When I die, I’m not going to be able to smell the flowers you place at my gravestone so please don’t bring them to me. Don’t give a speech saying how much you loved me and miss me. Don’t post Facebook messages saying things like, "We have a new angel in heaven." I won’t need any of that.
Instead, you should bring me flowers while I am still alive. Bring them to me while I can still smell the delicious scent of lilacs. Bring them to me while I can still look at them sitting on a vase on the kitchen table and smile every time I walk past them. Do call me when you think about me to tell me that you love and appreciate me and that you miss me. Then actually make an effort to see me. Do post cute messages on my Facebook wall saying things like, “Hope you have a good day,” or comment on my Instagram pictures telling me that it looks artsy or that the pancakes I had for breakfast looked good. I need that. We all need that.
We realize the things and people we had were special right as we lose them. As a society, we tend to romanticize people after they die, but we fail to love them while they are still alive. A father abandoned his three children under the age of four. He never remembered their birthdays or even called. The children grew up to despise him. They blamed most of their problems on growing up without a father and complained about the fact that he was wealthy, but they were struggling financially. He never reached out to help. One day the father passed away suddenly. The kids, now teenagers, mourned his death deeply. I understood and comforted them, but as the months passed, I starting having trouble understanding. They started posting pictures of him on their Facebook pages on his birthday with captions such as, “You were the best father anyone could have ever asked for. I love you and miss you dearly.” Conversations suddenly became about how hard it was to lose their father, but the problem was that they had never even found him. Suddenly all the wrongs he committed in life disappeared, and the romanticized idea of the father they always wanted, emerged.
How many more times will we read news stories of kids and teenagers who committed suicide floating around social media including thousands of comments such as, “You were such a beautiful girl. You will be missed so much.” People will definitely miss her, but are you personally going to miss her so much? She was in your classes for three years consecutively, and you never said hello. You secretly made fun of her when that rash grew on her face. You never thought she was beautiful. How is she beautiful now that she is gone? Is the residue left after the burning of a body placed inside a dark, cold space somehow more beautiful than the actual person that she really was? How is that more beautiful than a living body who had the ability to think, smile, and knit?

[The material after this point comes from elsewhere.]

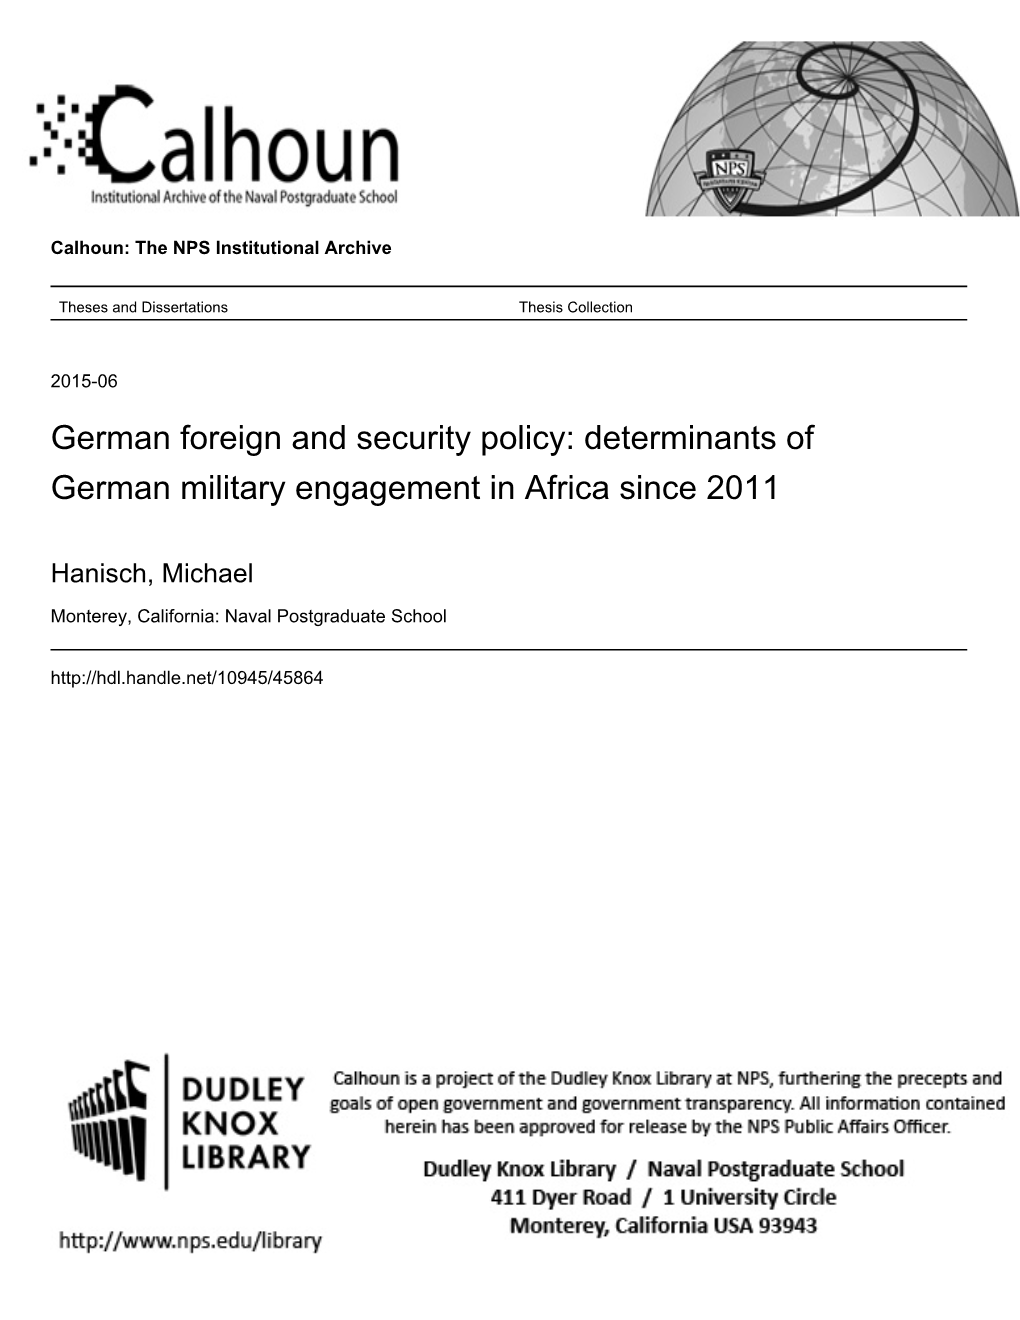 German Foreign and Security Policy: Determinants of German Military Engagement in Africa Since 2011
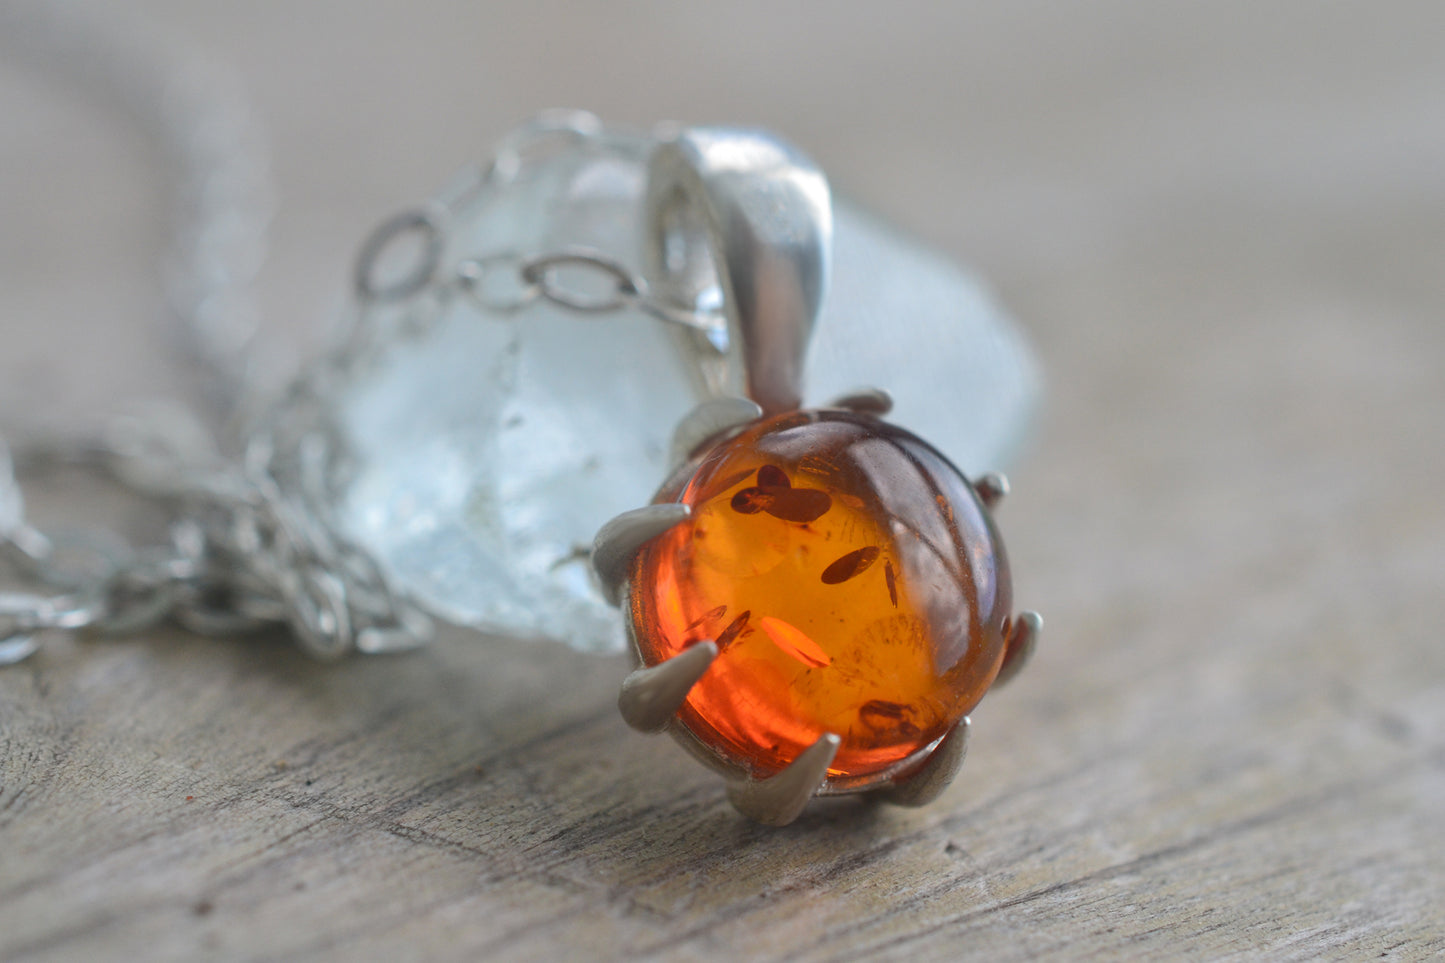 10mm Baltic Amber Pendant in 925 Sterling

The problem lies in regret. Anne Frank said that “the dead receive more flowers than the living because regret is more powerful than gratitude,” and how right she was. You regret not being able to make that person’s day a little better, somehow brighter. You regret not talking to your aunt in five years merely because phone calls are somehow antiquated. You regret not mailing your grandmother pictures of yourself at prom having fun with your friends. You rather post them on Instagram and get gratification from the likes you get. But in sending that picture to your grandmother, you could have filled her heart with joy. All of us do it. And we will always have regrets, but we can certainly diminish the amount of regret we have by being more grateful of everyone and everything around us.
You have most likely heard that you should live every day like it is your last day on Earth, and that is suitable advice, but the roots of that statement are holding onto dirt showered in selfishness. Rather, treat every person like it is their last day on Earth. How does that change your perspective? Will you help that man pick up the box he dropped? You don’t know if, on the way home, he will be distracted sending a text message at a red light and will be hit by an incoming truck without warning. Improve other people’s quality of life by treating them with extraordinary care and kindness.
Of course, the point in this is moderation. Do not go so far as being used by others or anxiously feeling sad every time someone asks you for a favor and you have to say yes because you are scared they will pass away tomorrow, and you will regret not helping them. That is not healthy. Rather, use this advice as a theory. You’ll be surprised of the appreciation, joy, and fulfillment sprouting from your heart when you think of others before yourself.
*The death of a loved one is the biggest pain one can experience. I do not mean to hurt anyone who has lost someone near and dear to them. I am extremely sorry; and this article does not apply to anyone who has lost somebody they truly loved and cherished, but rather to those of us who did not love or appreciate those around us until after their death. The purpose is to bring awareness to the problem of regret and lack of love while one is still alive—to make everyone's lives more beautiful before they can no longer smell the flowers.